Experts are today calling for all unpublished and misreported trials to be published or formally corrected within the next year to ensure doctors and patients rely on complete and accurate information to make decisions about treatments.
Sponsors and researchers will be given one year to act before independent scientists begin publishing the results themselves using previously confidential trial documents.
The BMJ and PLOS Medicine have already endorsed the proposal and committed to publishing restorative clinical trial submissions – and will discuss it in more detail at a meeting in London on Friday 14 June 2013.

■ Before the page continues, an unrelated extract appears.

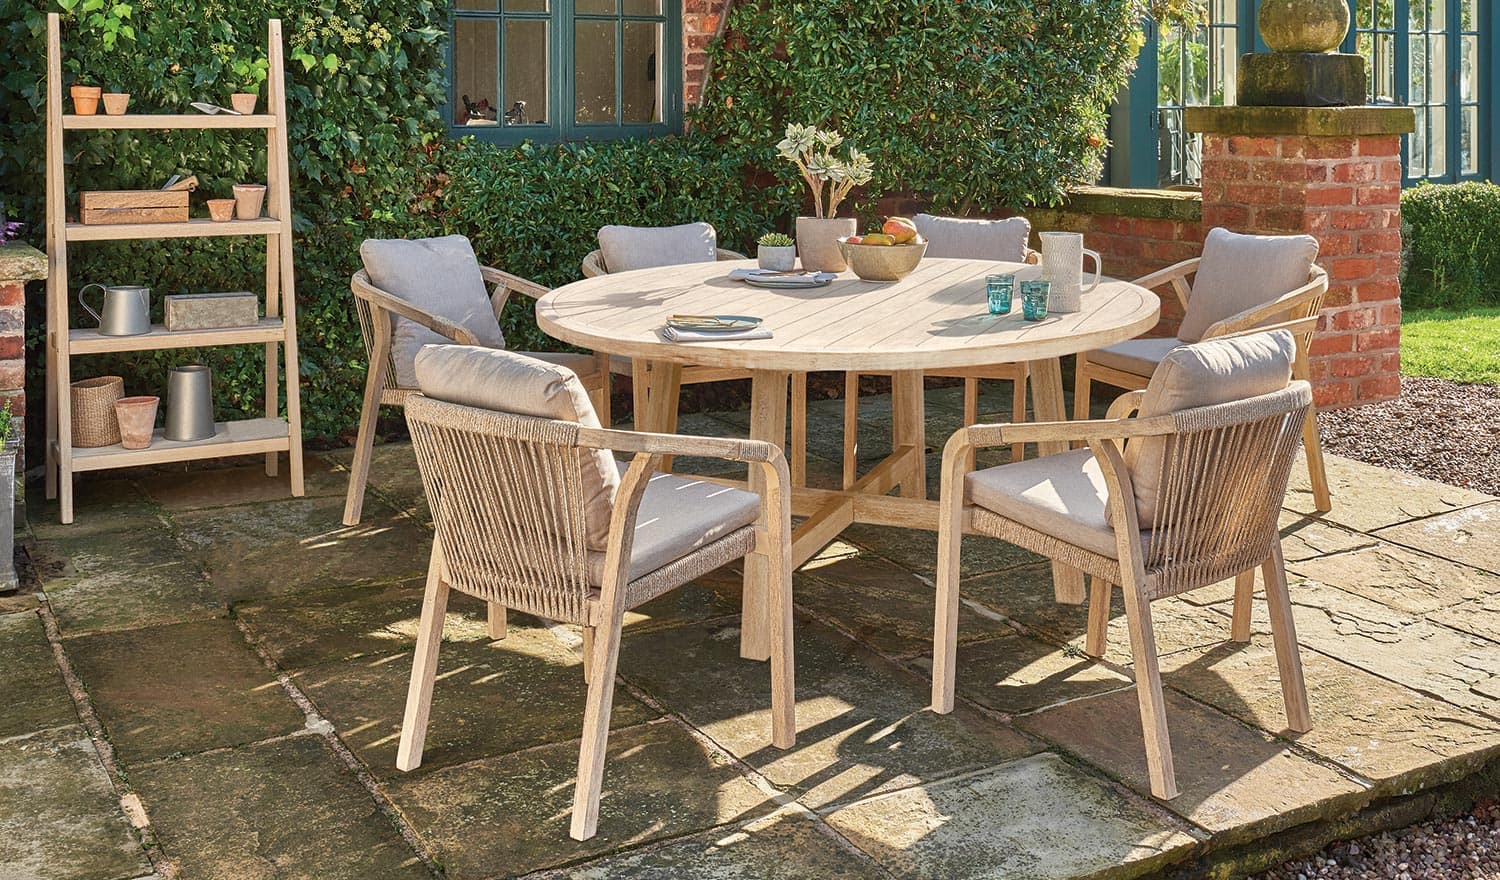 Cora 150cm Round Dining Table 6 Seater, Round Wood Garden Table And Chairs

Unpublished and misreported studies make it difficult to determine the true value of a treatment. Around half of all clinical trials for the medicines we use today have never been published – and a whole range of widely used drugs have been represented as safer and more effective than they are, putting patients at risk and wasting public money.
The authors of the declaration, led by Peter Doshi, a postdoctoral fellow at Johns Hopkins University School of Medicine, will contact manufacturers of trials, asking them to signal their intent within 30 days to publish previously unpublished trials and formally correct previously misreported trials (i.e. to restore abandoned trials).
They propose that if anyone who declares an intention to publish or correct does not do so within one year, all publicly available data for such trials should be considered “public access data” that others are allowed to publish.
This declaration, they say, “offers sponsors and trialists an opportunity to publish or formally correct their studies” – or otherwise see those abandoned studies published or republished by others.
New freedom of information policies means the public and the authors have access to around 178,000 pages of previously confidential trial documents and clinical study reports for widely used drugs for depression, heart disease, epilepsy and influenza. Some trials remain unpublished years after completion, while others have been published but have been shown to contain inaccuracies.
They say they are committed to seeing the findings from abandoned trials published – and misreported trials corrected and republished – and they set out a method for responsibly restoring invisible and abandoned trials (RIAT). “We see RIAT as a collaborative, global effort, and over the next year we hope to discuss and debate our proposal at appropriate venues,” they write.
As such, they call on others to join them as volunteers “in place of those who should have but did not make trial reports visible and accessible.” And they ask medical journal editors to endorse the concept of restorative authorship to “help the effort to complete and correct the scientific record.”
In an accompanying editorial, editors at The BMJ and PLOS Medicine say Doshi and colleagues “offer a bold remedy” to help restore the integrity of the clinical trial evidence base.
They explain that the results of clinical trials “are a public, not a private, good” and that the public interest “requires that we have a complete view of previously conducted trials and a mechanism to correct the record for inaccurately or unreported trials.”
They conclude: “If we do not act on this opportunity to refurbish and restore abandoned trials, the medical research community will be failing its moral pact with research participants, patients, and the public. It is time to move from whether to how, and from words to action.”